Fortunately, you can enjoy the book as historical fiction about what it may have been like to be a pirate in those days. Wolfe is obsessive about his research, and if you know anything about the history of piracy, you'll be able to identify important events and patterns in the text. For example, at one point early in the story, our protagonist, Chris, is left on the island of Hispaniola by the English privateer, Capt. Burt. On Hispaniola, Chris falls in with Frenchmen surviving by hunting wild cattle - the historical origins of the buccaneer. It's an action-oriented plot, and it's about pirates god damn it, so there's killing and torture and raids and booty and even hidden treasure. Wolfe never forgets the essential trappings of whatever genre he is writing within.

But of course, there's a time travel element involved, and only towards the end of the book do we get a sense of its implications. Depending on how you feel about Wolfe's writing in general, you may find this intriguing or incredibly frustrating.

I'm curious to know how other people feel about time travel as a narrative device. Leave a comment if you're so inclined.

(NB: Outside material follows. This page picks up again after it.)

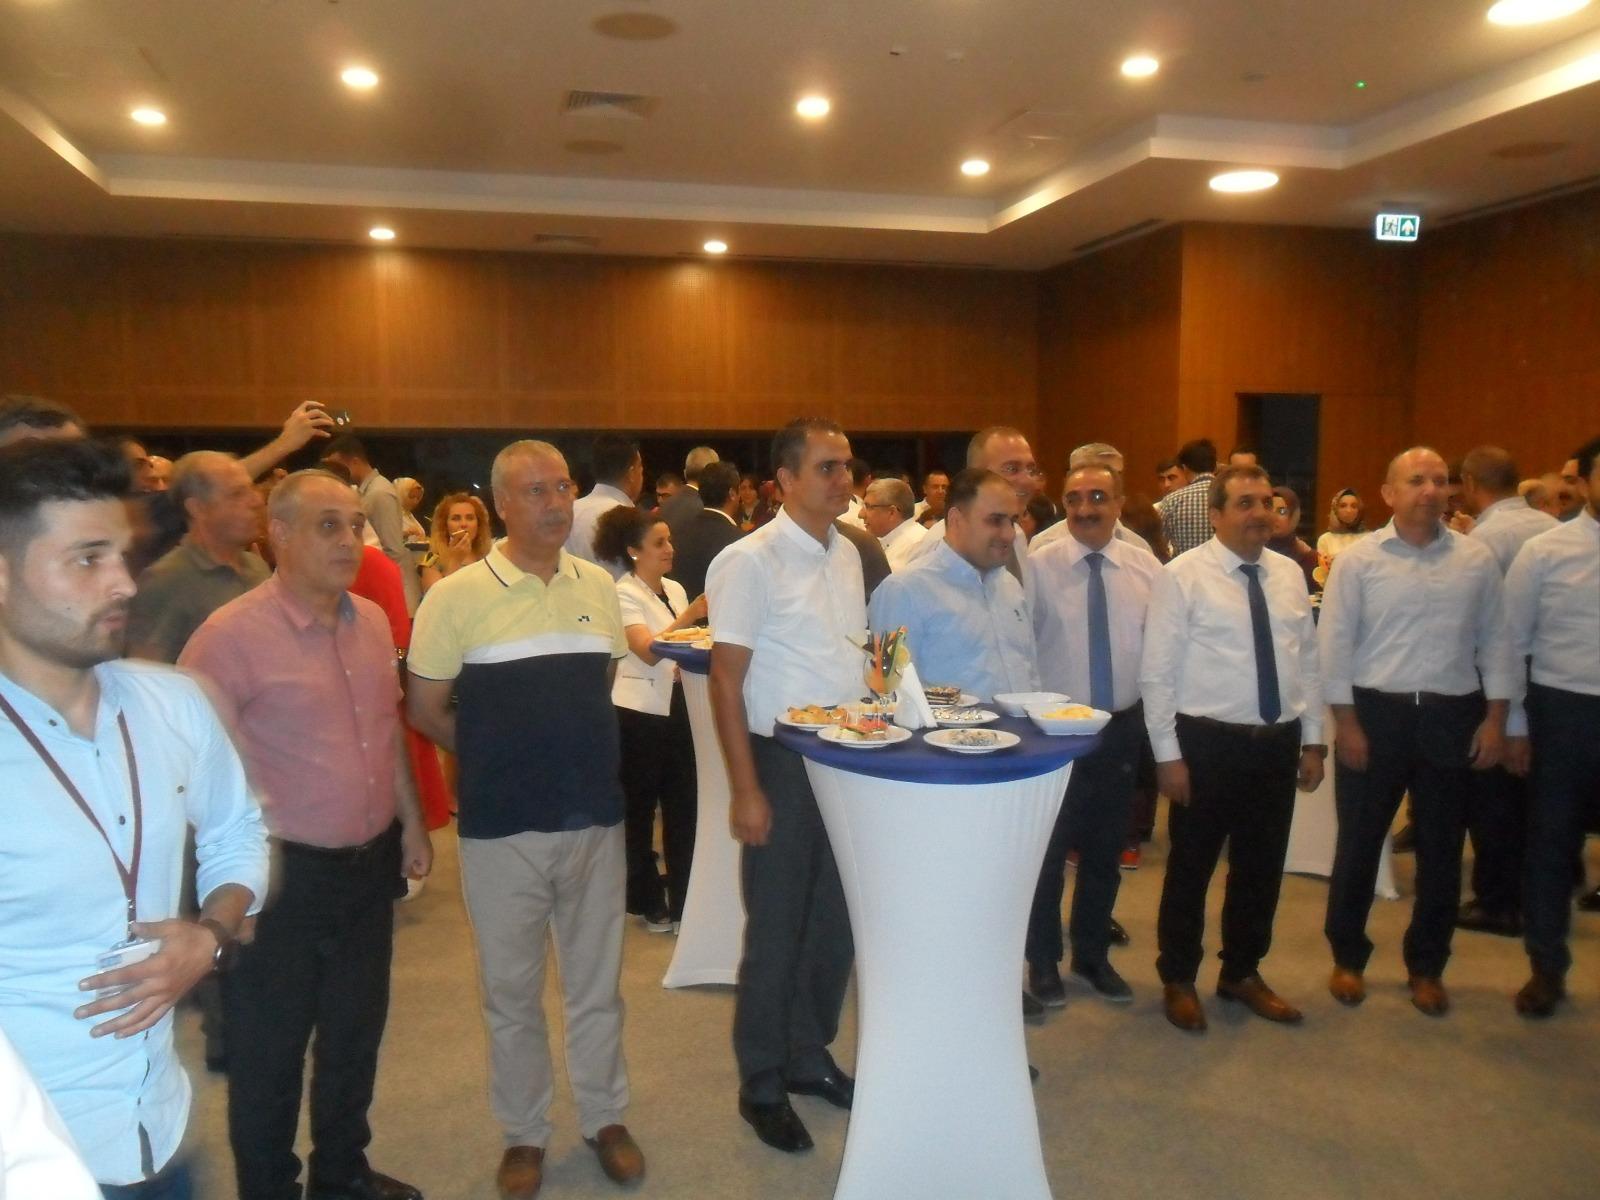 Türk Sağlık Sen Elazığ Şubesi olarak Elazığ Fethi Sekin Şehir Hastanesinin açılışının 1. yıldönümü etkinlikleri kapsamında düzenlenen organizasyona Şube Başkanımız Reşit KILIÇ, Şube Başkan Yardımcılarımız Adem POLAT ve Uğur DABAK ile birlikte katıldık.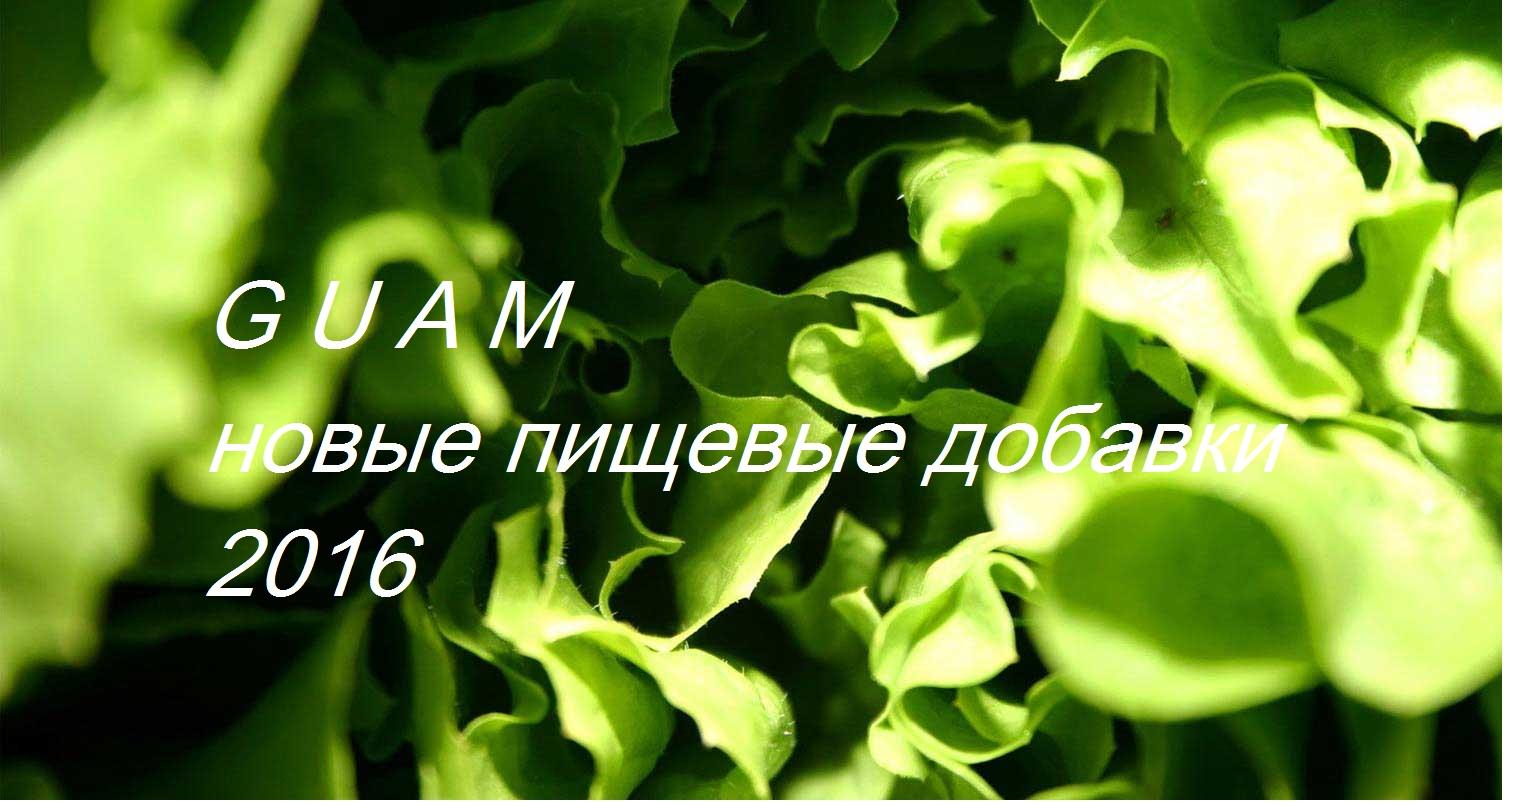 GUAM - новые БАДы

  1. My favorite time-travel movie is the ridiculous film "Time After Time." Malcolm McDowell plays HG Wells, father of science fiction. He builds a time travel machine, and in it travels to modern day (1979) San Francisco. The real kicker in the film is that our hero HG isn't alone: Jack the Ripper manages to come along for a ride into the future!!!! What a great plot! What awesome seventies cheese! Truly great.

  2. a). the universe is deterministic. done and done.

    b). also, our model of time or time-space is probably insufficient for this kind of thing. i think without the proper tools (e.g., neural hardware) to 'perceive' time correctly, this dialogue inevitably spirals into discussions of reality. and we all know how that ends. or rather, doesn't end.

    threeve). Bill and Ted (-10.5) over D. Darko.

  3. My fave time travel book is The Man Who Folded Himself, by David Gerrold... he really gave the paradoxes of time travel some thought and makes it work.

  4. hey, great suggestion, ed. i just checked it out on amazon and it looks awesomely old-school and interesting. i'll see if my local library has it.